Aber wenn wir die Infosphäre abschalten, werden wir das mit der gleichen Haltung tun, die es uns auch heute noch erlaubt, einen Stummfilm anzuschauen und zu genießen. Der bewusste Verzicht eröffnet uns die Möglichkeit eines ebenso asketischen wie ästhetischen Genusses. Es fehlt also nicht einfach eine Dimension des (Multi-)Mediums, sondern diese Reduktion erhöht unsere Konzentration auf andere Aspekte. Wobei wir wohl wissen, dass wir immer und jederzeit in der Lage sein werden, zusätzliche Dimensionen per Knopfdruck wieder zu aktivieren.

THESE 4

Digitalisierung und Vernetzung schaffen technisch und gesellschaftlich, kulturell und wissenschaftlich neue Bedingungen. Sie gilt es in Kategorien zu fassen und als Qualitäten zu verstehen.

Damit hat sich bereits weitgehend das verändert, was wir für wirklich halten, genau wie die Bedingungen, unter denen wir die neue Realität erleben. Ist ein Computerspiel weniger real als die Schnitzeljagd im Wald? Ist eine Facebook-Romanze etwas anderes als ein Flirt an der Bar? Obwohl der binäre Code uns nahezulegen scheint, allein zwischen »an« und »aus« zu unterscheiden, zwischen »real« und »irreal«, haben wir doch offenbar längst gelernt, die Welt gerade mit der Hilfe digitaler Informationen differenzierter, ja granularer und modularer zu verstehen, ohne, so ist jedenfalls zu hoffen, ihre grundlegende Einheit im Sinne der ihr eigenen vernetzten Existenzweise zu übersehen oder gar zu vergessen.

Digitalisierung und Vernetzung verändern offensichtlich die gesamte Art und Weise, wie wir Realität erleben, verstehen und verarbeiten. Doch damit nicht genug: Auch die Bedingungen, unter denen wir das tun, sind andauernd fortschreitenden Veränderungen ausgesetzt. Und zwar so schnell und dynamisch, dass wir unter dem Eindruck des immer wieder neuen Geschehens um uns herum drohen zu vergessen, es auch gedanklich und begrifflich zu erfassen.
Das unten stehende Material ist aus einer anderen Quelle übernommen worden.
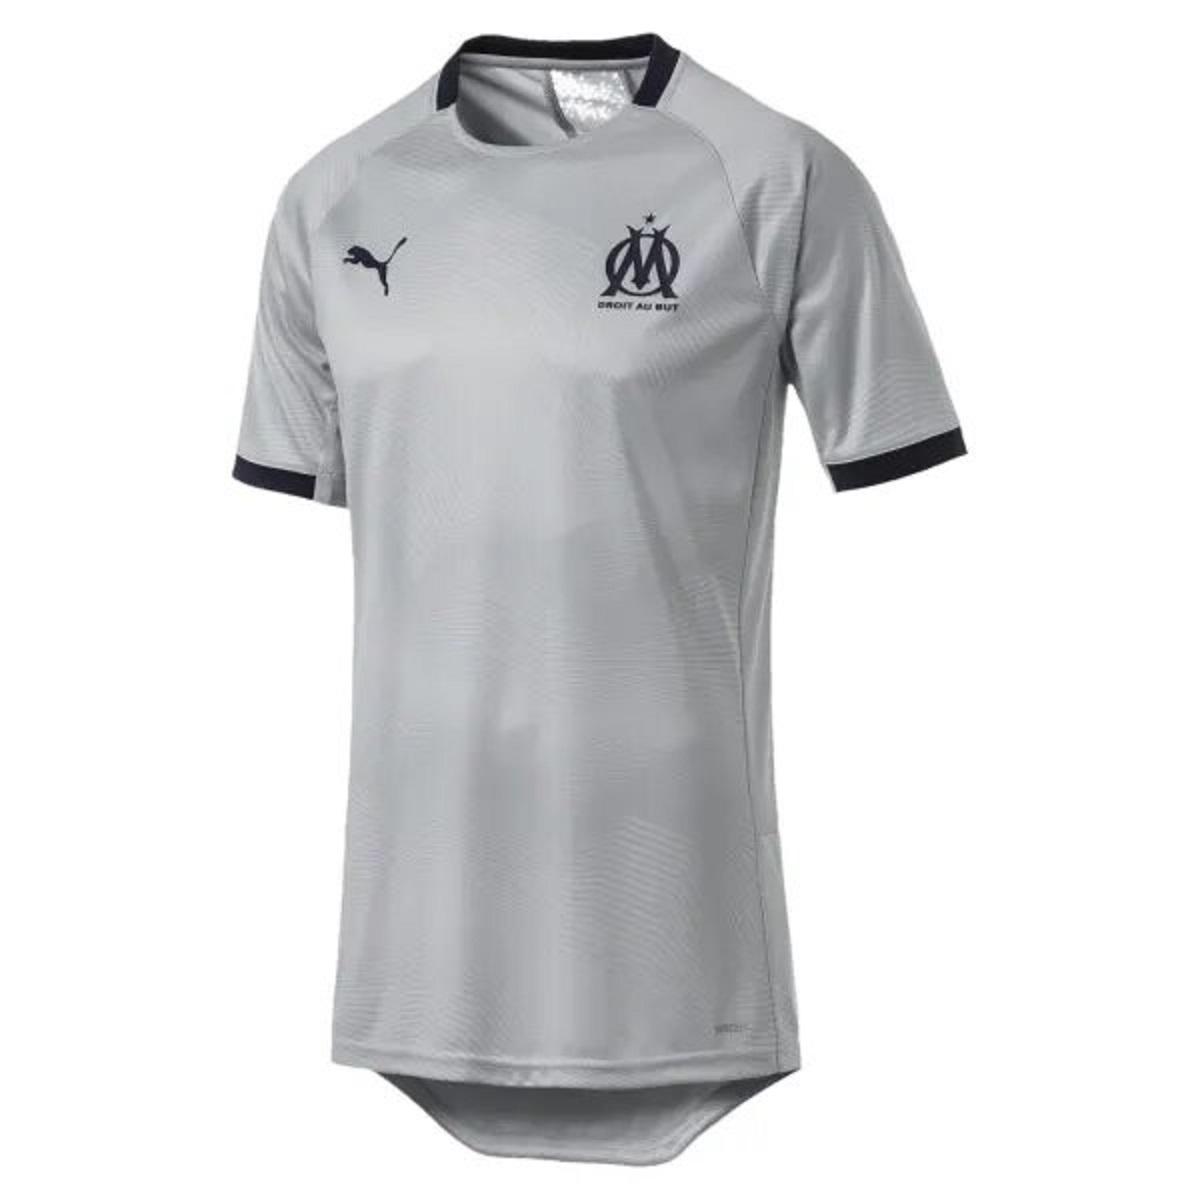 PUMA Olympique DE Marseille Graphic Jersey Maglia da Calcio

Wir brauchen also angesichts der neuen Entwicklungen und Erscheinungen, ob sie sich nun im Bereich der Wissenschaft oder der Technologie, gesellschaftlich oder kulturell zeigen und ausprägen, erst eine Begrifflichkeit, die ihnen auch gerecht wird. So wie Newtons Mechanik nicht zur Beschreibung der Quantenphysik taugt, so helfen auch Vorstellungen und Begriffe der vergangenen Jahrhunderte herzlich wenig bei der Beschreibung der digital vernetzten Gegenwart.

THESE 5

Massenmedien verlieren mit dieser Entwicklung nach 150 Jahren ihre gemeinschafts- und identitätsstiftende Funktion. Dadurch kehrt die Kommunikation gewissermaßen zu ihrem Ursprung zurück: zum interpersonalen Austausch, der heute allerdings zunehmend digital und medial vermittelt stattfindet.
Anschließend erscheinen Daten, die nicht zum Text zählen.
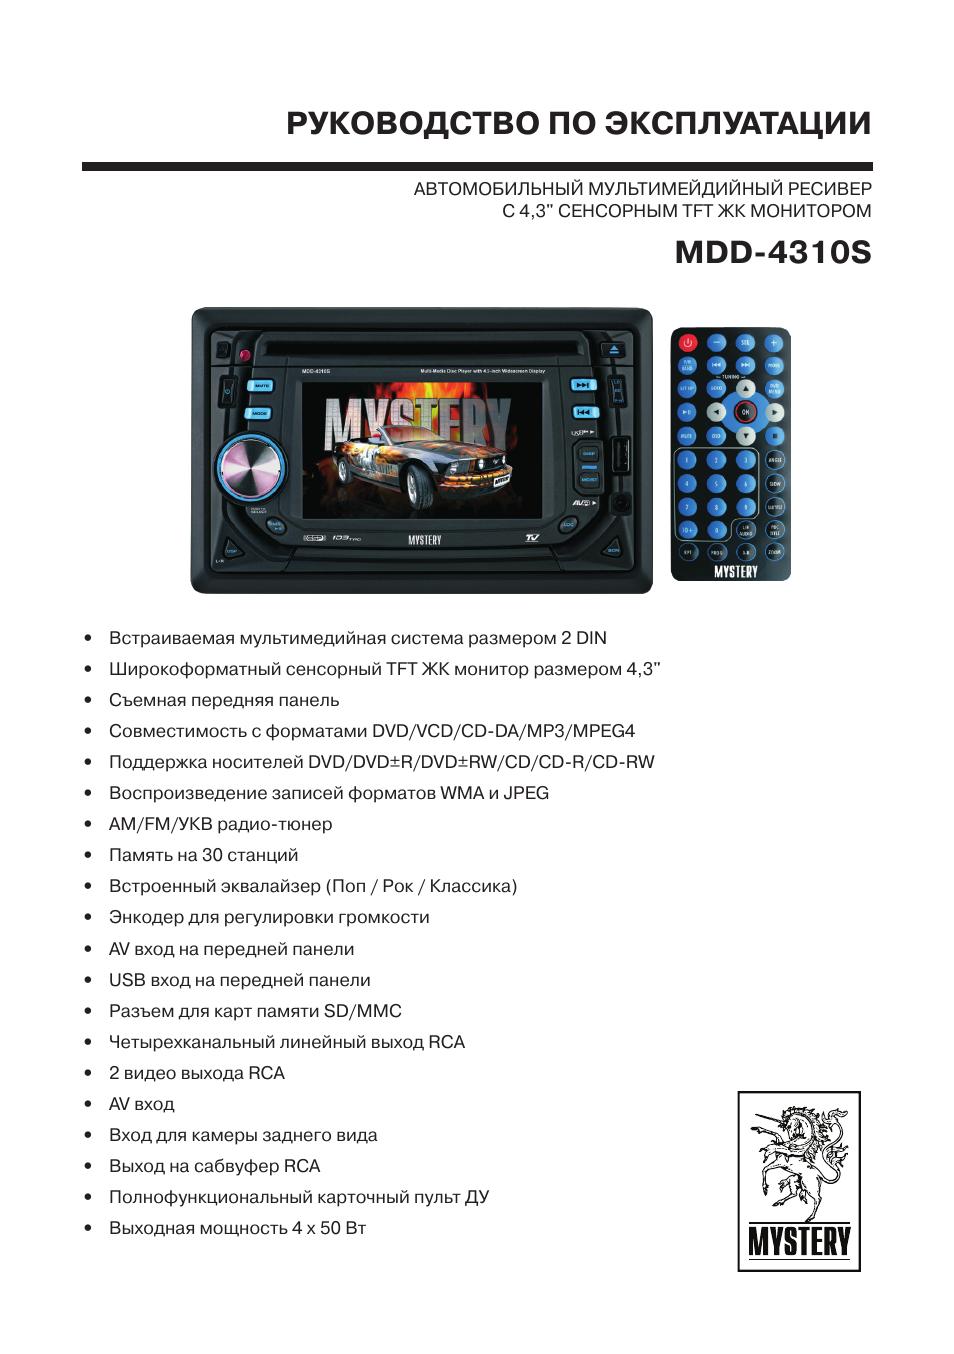 Mystery mdd 4310s схема

Erschwerend kommt bei dieser bevorstehenden »Neuformatierung« der Gesellschaft der Umstand hinzu, dass uns die bekannten Leitplanken und Orientierungshilfen zur Erfassung einer sich dramatisch verändernden Wirklichkeit abhandengekommen sind. Und das betrifft nicht etwa nur Religionen und andere Glaubenssysteme, seien sie eher (natur)wissenschaftlicher oder philosophischer Natur, sondern in ganz besonderem Maße die meinungs- und gemeinschaftsstiftende Funktion der alten Massenmedien.

Konnte man noch vor wenigen Jahren – wie ein deutscher Ex-Kanzler – davon ausgehen, dass man morgens nur die Bild-Zeitung lesen müsse, um zu wissen, was Deutschland am Abend glauben würde (oder wenigstens glauben sollte), so trifft das heute gleich aus mehreren Gründen nicht mehr zu. Zum einen hat die meinungsbildende und gemeinschaftsstiftende Qualität der Inhalte, ob sie nun gedruckt oder elektronisch unters Volk gebracht werden, unter dem Preisverfall der digitalen Waren und Inhalte dermaßen gelitten, dass sie als »Leit-Bild« schlechterdings untauglich geworden sind. Insofern dürfte die Pleite namhafter Zeitungstitel wie der Frankfurter Rundschau oder der Financial Times Deutschland nur ein erster Vorbote des großen Zeitungssterbens sein, wie es in den USA längst begonnen hat.